╭──

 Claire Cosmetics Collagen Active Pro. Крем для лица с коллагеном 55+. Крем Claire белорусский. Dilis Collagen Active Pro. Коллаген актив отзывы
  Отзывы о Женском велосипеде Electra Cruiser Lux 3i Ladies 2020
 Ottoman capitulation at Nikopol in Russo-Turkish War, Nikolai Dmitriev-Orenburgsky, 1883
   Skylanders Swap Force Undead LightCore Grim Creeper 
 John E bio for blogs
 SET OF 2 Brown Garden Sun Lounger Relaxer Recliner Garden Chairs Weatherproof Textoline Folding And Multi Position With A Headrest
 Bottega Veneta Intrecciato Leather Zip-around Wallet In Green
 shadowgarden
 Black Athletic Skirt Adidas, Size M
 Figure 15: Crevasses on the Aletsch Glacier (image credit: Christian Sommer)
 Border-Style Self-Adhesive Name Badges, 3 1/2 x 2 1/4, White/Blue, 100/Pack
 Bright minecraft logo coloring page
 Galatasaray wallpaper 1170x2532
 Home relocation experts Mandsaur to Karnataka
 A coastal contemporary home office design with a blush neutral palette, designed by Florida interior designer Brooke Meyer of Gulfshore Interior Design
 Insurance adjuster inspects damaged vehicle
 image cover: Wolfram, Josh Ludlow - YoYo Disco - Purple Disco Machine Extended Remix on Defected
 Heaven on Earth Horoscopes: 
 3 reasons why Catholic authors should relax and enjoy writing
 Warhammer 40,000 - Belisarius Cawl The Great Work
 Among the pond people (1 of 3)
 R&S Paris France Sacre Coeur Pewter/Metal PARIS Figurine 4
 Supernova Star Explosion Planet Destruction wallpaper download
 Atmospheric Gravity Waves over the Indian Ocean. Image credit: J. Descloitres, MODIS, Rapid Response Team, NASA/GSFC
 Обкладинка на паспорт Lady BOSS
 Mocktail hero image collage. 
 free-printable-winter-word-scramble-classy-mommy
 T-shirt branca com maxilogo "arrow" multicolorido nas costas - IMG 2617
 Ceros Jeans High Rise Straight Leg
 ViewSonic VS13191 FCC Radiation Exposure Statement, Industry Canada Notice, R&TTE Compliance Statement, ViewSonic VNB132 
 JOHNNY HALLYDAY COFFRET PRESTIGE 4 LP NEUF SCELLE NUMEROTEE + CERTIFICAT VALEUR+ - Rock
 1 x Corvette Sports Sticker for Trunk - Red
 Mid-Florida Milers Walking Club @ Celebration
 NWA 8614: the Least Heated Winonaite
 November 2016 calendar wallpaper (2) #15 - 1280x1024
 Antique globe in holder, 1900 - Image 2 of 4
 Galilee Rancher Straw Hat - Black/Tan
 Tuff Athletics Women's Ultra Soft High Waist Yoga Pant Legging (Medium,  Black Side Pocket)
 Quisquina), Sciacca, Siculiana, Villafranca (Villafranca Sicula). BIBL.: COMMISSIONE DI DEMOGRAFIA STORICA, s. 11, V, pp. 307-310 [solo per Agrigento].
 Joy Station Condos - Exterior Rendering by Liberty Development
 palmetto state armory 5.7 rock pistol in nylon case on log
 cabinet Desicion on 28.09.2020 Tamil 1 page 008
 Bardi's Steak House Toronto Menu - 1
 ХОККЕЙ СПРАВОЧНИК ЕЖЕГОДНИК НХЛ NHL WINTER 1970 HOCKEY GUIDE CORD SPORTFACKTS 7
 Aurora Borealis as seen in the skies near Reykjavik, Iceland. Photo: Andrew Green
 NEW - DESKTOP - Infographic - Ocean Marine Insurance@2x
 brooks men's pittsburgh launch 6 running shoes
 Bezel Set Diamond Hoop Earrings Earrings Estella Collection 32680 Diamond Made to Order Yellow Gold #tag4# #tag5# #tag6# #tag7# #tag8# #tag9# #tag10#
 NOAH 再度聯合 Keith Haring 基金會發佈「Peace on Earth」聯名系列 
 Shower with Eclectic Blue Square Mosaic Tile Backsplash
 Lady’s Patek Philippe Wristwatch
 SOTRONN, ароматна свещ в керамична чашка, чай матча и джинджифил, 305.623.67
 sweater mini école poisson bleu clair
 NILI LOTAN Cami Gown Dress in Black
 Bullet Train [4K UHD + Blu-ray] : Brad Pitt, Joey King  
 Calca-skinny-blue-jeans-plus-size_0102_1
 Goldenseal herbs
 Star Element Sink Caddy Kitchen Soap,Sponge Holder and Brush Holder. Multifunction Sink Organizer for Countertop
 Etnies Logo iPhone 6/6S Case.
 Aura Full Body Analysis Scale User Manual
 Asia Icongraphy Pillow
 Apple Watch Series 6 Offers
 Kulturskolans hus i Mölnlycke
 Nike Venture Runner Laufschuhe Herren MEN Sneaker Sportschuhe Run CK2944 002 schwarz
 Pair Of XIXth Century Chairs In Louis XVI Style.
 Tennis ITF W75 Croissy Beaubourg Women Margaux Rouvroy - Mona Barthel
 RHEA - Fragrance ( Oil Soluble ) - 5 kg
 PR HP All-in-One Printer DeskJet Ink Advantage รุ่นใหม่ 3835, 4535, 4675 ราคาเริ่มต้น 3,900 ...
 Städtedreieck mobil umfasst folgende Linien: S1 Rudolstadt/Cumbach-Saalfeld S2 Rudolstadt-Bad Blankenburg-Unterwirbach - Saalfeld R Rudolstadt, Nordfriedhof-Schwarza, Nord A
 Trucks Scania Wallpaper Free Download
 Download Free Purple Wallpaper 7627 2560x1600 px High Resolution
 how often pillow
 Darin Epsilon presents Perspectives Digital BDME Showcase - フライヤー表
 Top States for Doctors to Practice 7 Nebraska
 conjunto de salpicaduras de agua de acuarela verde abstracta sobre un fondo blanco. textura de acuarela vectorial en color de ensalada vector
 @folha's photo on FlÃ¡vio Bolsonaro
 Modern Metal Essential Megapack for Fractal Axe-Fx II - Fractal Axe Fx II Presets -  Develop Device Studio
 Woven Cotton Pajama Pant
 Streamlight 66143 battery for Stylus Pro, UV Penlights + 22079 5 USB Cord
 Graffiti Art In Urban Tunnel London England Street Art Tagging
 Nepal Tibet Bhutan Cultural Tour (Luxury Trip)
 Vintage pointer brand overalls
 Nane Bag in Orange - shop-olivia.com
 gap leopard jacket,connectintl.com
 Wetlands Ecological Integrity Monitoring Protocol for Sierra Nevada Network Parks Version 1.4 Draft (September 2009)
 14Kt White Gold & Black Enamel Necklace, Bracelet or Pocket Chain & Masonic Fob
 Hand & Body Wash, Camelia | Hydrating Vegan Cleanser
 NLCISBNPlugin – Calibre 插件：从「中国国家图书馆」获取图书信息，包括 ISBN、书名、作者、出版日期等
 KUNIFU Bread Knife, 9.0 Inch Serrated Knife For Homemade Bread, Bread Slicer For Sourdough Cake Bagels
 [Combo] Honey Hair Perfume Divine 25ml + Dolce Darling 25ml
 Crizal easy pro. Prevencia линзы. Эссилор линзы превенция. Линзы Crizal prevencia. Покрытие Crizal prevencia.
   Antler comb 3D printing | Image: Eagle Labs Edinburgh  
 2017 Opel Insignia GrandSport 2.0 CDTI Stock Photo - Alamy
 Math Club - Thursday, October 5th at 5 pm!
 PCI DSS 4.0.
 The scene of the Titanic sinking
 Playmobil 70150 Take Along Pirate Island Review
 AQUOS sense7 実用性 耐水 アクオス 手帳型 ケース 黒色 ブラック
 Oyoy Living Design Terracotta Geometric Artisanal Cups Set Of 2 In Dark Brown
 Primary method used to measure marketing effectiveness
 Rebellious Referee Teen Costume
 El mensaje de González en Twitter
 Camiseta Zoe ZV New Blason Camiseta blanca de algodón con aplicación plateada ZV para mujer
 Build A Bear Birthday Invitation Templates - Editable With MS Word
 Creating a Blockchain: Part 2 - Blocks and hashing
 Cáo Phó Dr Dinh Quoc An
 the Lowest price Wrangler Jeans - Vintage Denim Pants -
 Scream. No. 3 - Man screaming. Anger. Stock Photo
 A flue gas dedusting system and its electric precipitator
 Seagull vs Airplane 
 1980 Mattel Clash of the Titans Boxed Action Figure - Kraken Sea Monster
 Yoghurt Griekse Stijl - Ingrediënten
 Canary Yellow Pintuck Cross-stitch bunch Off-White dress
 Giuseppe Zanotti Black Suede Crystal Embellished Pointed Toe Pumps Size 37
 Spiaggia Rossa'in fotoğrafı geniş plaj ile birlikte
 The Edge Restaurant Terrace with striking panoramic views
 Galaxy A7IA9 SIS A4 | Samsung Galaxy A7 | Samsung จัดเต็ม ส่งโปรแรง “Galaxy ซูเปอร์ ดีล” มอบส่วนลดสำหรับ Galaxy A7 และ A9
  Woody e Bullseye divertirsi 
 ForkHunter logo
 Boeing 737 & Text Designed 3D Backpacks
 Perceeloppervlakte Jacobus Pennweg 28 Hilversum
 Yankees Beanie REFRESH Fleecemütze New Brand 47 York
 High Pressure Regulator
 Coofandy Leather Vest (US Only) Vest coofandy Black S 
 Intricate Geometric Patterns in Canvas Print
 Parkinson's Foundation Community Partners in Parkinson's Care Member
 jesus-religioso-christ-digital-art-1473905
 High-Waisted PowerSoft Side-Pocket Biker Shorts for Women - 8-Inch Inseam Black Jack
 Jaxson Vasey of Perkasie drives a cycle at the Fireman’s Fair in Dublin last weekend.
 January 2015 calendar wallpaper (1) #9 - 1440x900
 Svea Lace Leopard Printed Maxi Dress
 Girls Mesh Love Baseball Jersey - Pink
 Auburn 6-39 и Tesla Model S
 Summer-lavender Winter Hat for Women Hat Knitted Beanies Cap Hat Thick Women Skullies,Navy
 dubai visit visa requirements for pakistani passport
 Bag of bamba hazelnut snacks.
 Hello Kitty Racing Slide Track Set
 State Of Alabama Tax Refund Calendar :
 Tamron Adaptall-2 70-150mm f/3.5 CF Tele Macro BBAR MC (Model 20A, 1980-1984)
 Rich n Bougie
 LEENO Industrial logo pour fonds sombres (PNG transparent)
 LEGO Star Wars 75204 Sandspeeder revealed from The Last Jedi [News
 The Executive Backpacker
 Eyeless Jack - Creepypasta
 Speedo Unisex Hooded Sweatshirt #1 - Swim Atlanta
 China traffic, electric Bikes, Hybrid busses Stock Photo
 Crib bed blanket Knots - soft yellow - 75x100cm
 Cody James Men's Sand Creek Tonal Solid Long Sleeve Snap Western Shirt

╰──

▶ _REQUIRED ACTION_:
Scan the listing above, and wherever a line holds the string "Insurance", copy that line.

▶ _EXERCISE ANSWER_:
 Insurance adjuster inspects damaged vehicle
 NEW - DESKTOP - Infographic - Ocean Marine Insurance@2x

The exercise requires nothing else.